И вспомнил, что Троцкий тогда, в Кадетском, сулил хлебом накормить Россию. Вспомнил и сокрушенно усмехнулся: а ведь накормит…

119

Тяжелый артиллерийский снаряд грохнулся неподалеку, взметнулась земля, Юдифь прижалась к брустверу. Суровцев, прикрыв руками затылок, повалился на нее сзади.

— Убирайтесь! — закричала Юдифь.

— Идите к черту, — зарычал Суровцев, подминая ее под себя.

Новый снаряд разорвался ближе, их засыпало землей. Юдифь съежилась, он стал стряхивать с себя землю. Нос его случайно уткнулся в ее затылок, и он почувствовал далекий, как с того света, запах хороших духов — вымытый, выветренный запах, которого, может быть, и не было, но который все же был. Суровцев вскочил и заорал, рвя горло:

— Петренко! Санитаров комиссару!

Третий снаряд упал подальше, Юлия Семеновна очнулась:

— Я жива.

— Прекрасно, — сказал Суровцев, — вы можете двигаться?

Юлия Семеновна встала на ноги:

— Могу.

В окоп влетел Петренко:

— Ваше благородие! Товарищ командир! Кныша убило!

— Лошадь! — закричал Суровцев.

— Так что Гнедой убитый…

— Хорошо! Оставайся с комиссаром!

Он побежал, пригибаясь, по полю в лощинку, где Петренко привязал лошадей. Его конь не был убит, Петренко ошибся. Взмыленный и как будто поседевший от ужаса, Гнедой бесился, рвал повод, которым был привязан к небольшому дубу. Петренкин Буланый, опустив голову, дрожал в коленях. Убита была лошадь Юлии Семеновны.

Гнедой гоготал с визгом, пучась кровавыми глазами. Суровцев с разбега вскочил на него, и — странно — конь успокоился. Суровцев, не слезая, развязал повод и поскакал назад, к окопу:

— Петренко! За комиссара отвечаешь головой! Ее лошадь убита!

И помчался по полю в третий эскадрон, которым командовал Кныш.

— Куда? — закричала ему вслед Юлия Семеновна. — Куда?

— Так что — в третий, — почтительно произнес Петренко. — Кныша убило.

Штук сорок пуль просвистело над головой, и вдогонку им затарахтела пулеметная очередь. Стреляли из-за лощинки. Там заржал, Петренкин Буланый.

— Комиссар, — тревожно проговорил Петренко, — чуете, комиссар? Это — беляки… Обходят… Чуете? Беляки прорвались…

Снова свистнули пули. Петренко вытащил тяжелый офицерский наган и, не церемонясь, толкнул Юлию Семеновну в землю:

— Лежить, комиссар, лежить…

Он прижал ее боком к брустверу, будто стараясь запихнуть под землю.

— Тихо, комиссар…

С десяток всадников выскочили из лощинки и понеслись вдоль окопа, поблескивая шашками.

— Тихо, — шептал Петренко, — може — проскочут.

— Стреляй! — тоже шепотом крикнула Юдифь.

— Яке там стреляй! Тихо!..

Она протиснула руку к футляру, пытаясь достать маузер. Петренко расстегнул деревянную кобуру на ее боку, потащил оружие, не глядя:

— Держить… Тильки не стреляйте.

Маузер был тяжел и мазался жиром. Юлия Семеновна выставила его перед собою. Всадники проскакали.

Юлия Семеновна напряглась и неожиданно и неумело щелкнула курком.

Маузер не выстрелил.

*

— Я должен был сохранить полк, — сказал Суровцев.

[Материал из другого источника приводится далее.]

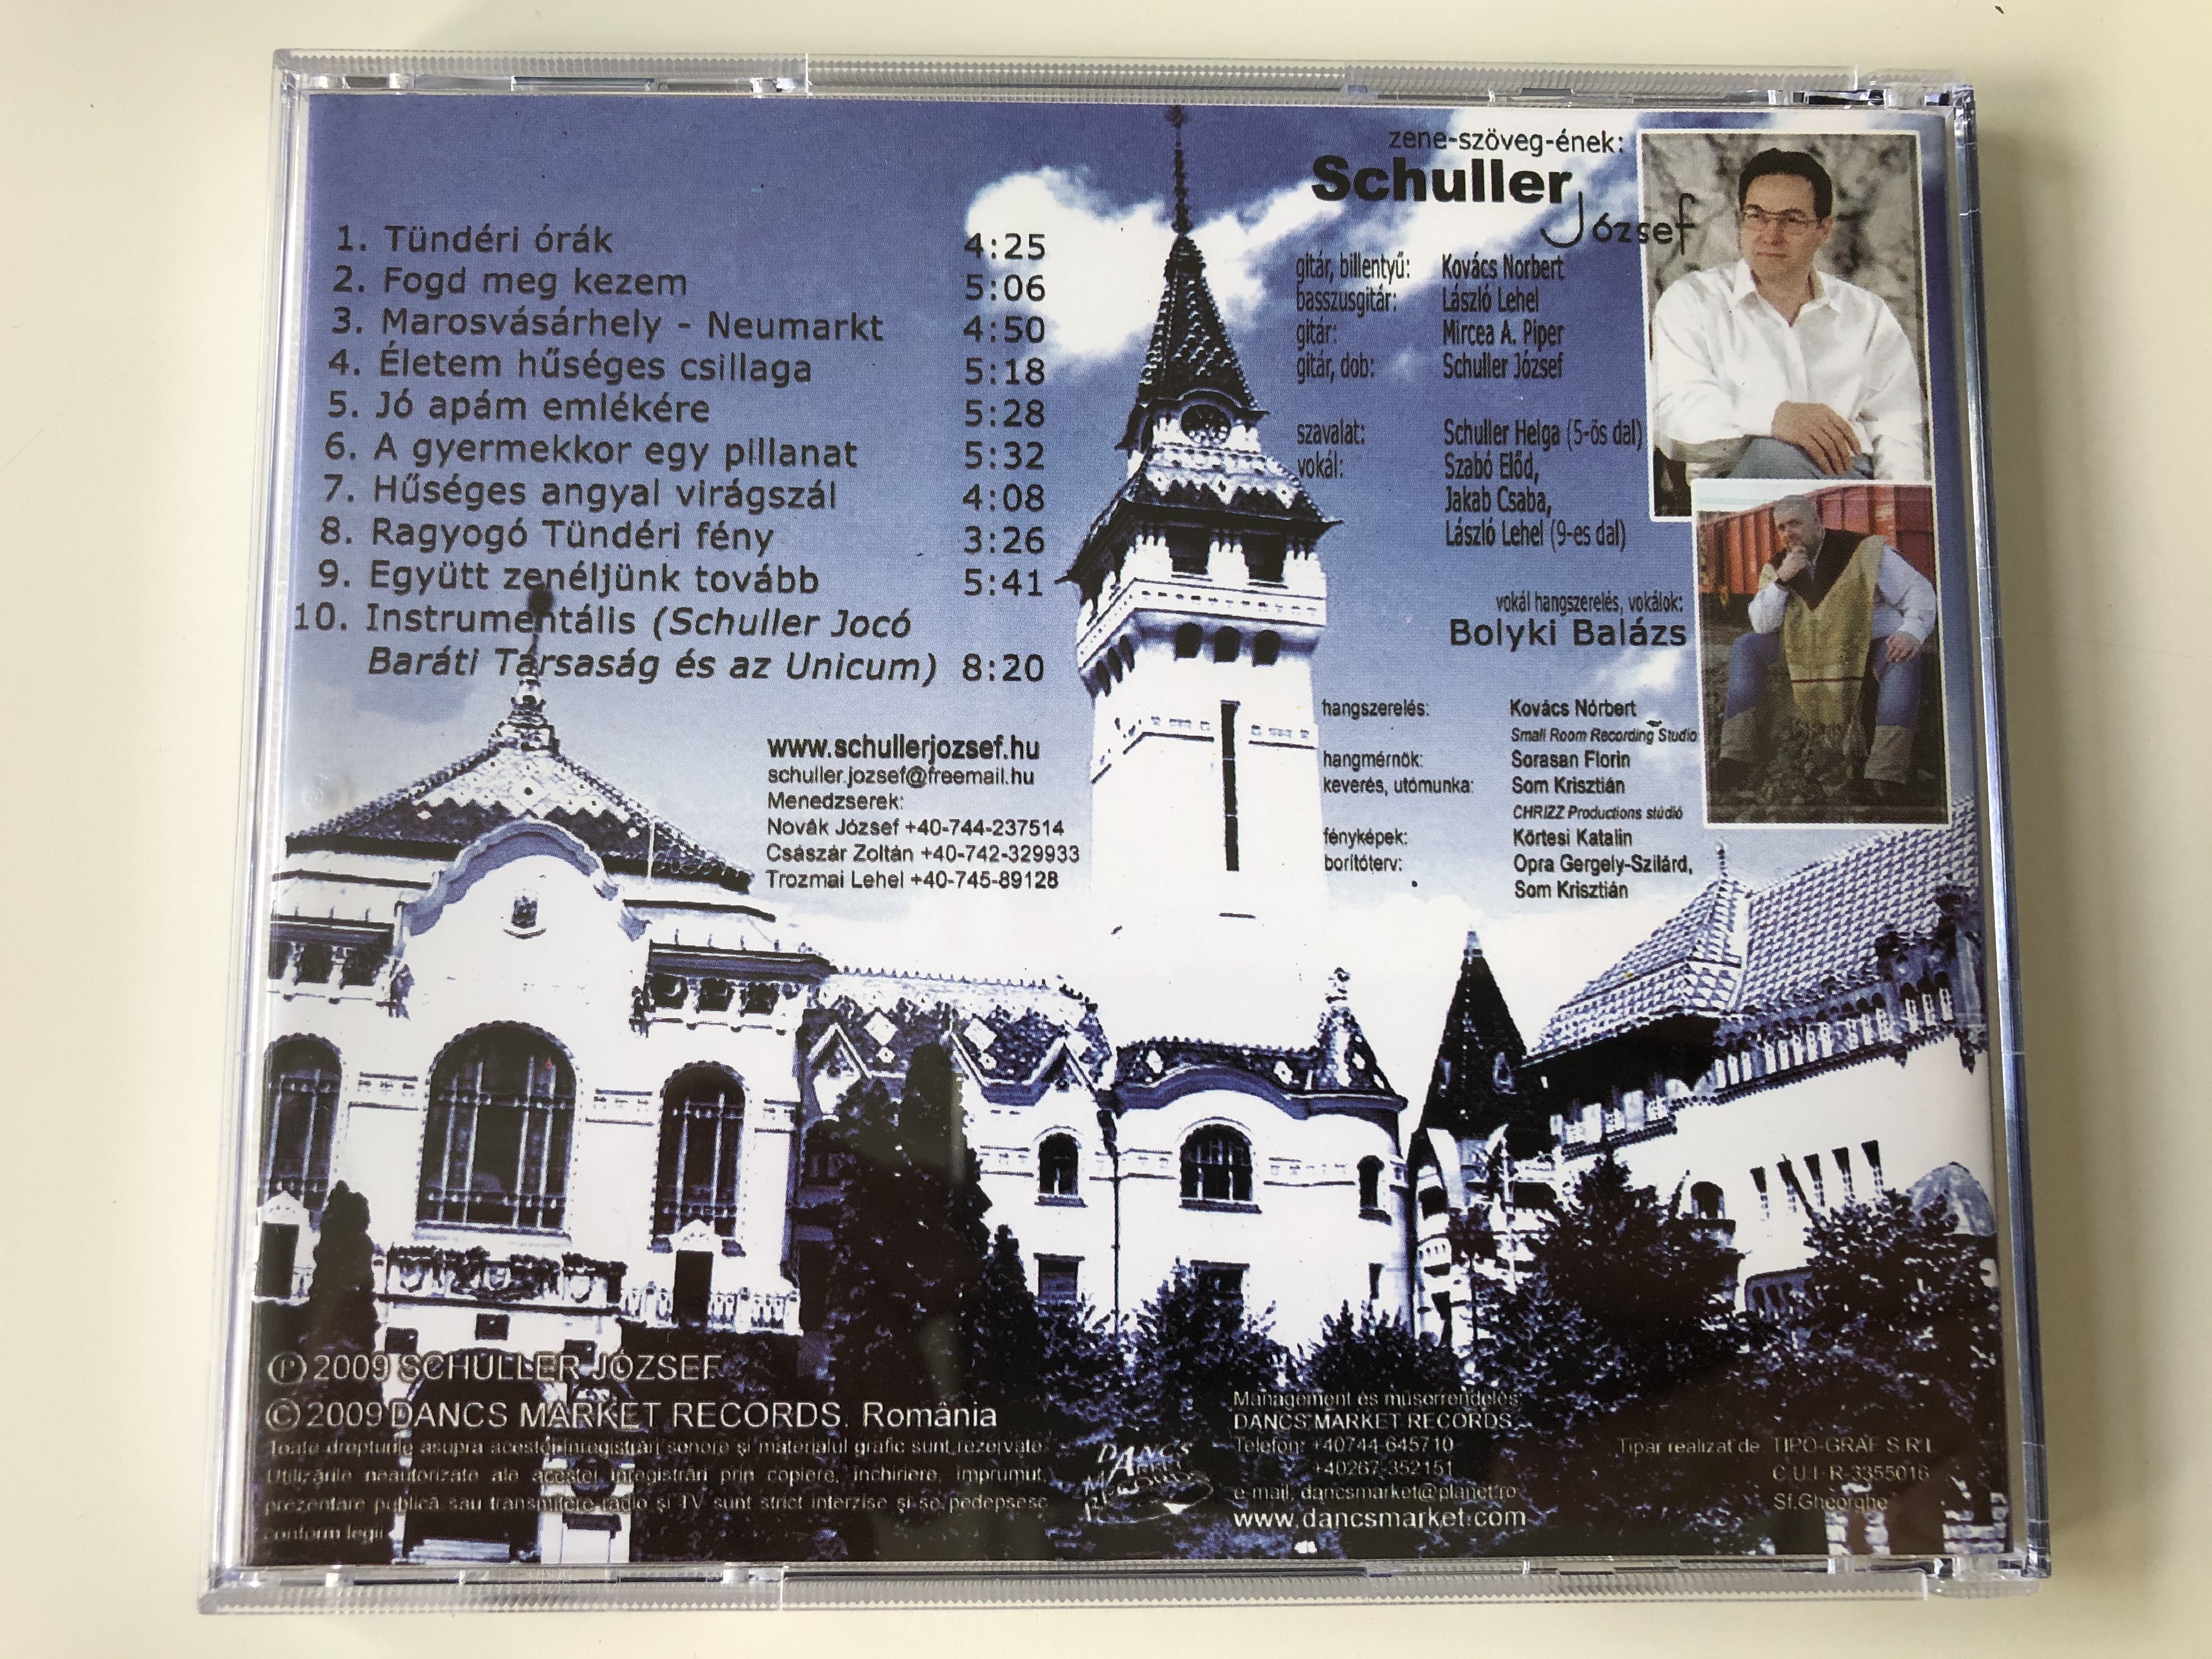 marosvasarhely-egyutt-zeneljunk-tovabb-schuller-jozsef-dancs-market-records-audio-cd-2009-dmr-141-5-.jpg

— Это предательство! — закричала Юдифь, побелев от гнева.

Суровцев был невозмутим:

— Выбирайте слова… Посмотрите на карту… Мы выдвинулись слишком далеко…

— Да! Далеко! Солдаты революционной армии оказались смелее своего командира!

— Мадам, — сказал Суровцев, — должность комиссара не предусмотрена ни одним военным уставом. Я не знаю, как реагировать на вашу истерику.

— Ах, вот вы как заговорили! Оставьте ваши юнкерские замашки! Вы будете отвечать перед революцией за отступление!

Суровцев вздохнул:

— Юлия Семеновна, взгляните на карту. Правый сосед не двинулся с места… К нам в тыл вошла конница… Мы были окружены… Возвращение на позиции — это удача… Я удивляюсь, почему нас не изрубили…

— Вы удивляетесь! А я не удивляюсь! Белые были ошеломлены нашей наступательной силой! Они просто не смели зайти к нам в тыл.

Суровцев достал серебряный портсигар, раскрыл его и стал крутить самокрутку:

— Дивизией белых командует генерал Крылов. Я служил у него и знаю… Он бы…

Она перебила:

— Может быть, вы и сейчас у него служите?

Суровцев побелел:

— Во всяком случае, сударыня, я служу не у вас. И отвечать за свои действия я буду не перед вами!

*

Юдифь не удивилась, что ей так легко удалось арестовать Суровцева.

Красные бойцы смотрели на своего командира тихо, исподлобья, как нашкодившие. Суровцев старался не глядеть никому в глаза, и это его старание воспринималось с облегчением.

Петренко кинулся было на защиту, но Суровцев приказал негромко:

— Афанасий Иванович, отставить. Там разберутся.

Вера в революционную справедливость была велика.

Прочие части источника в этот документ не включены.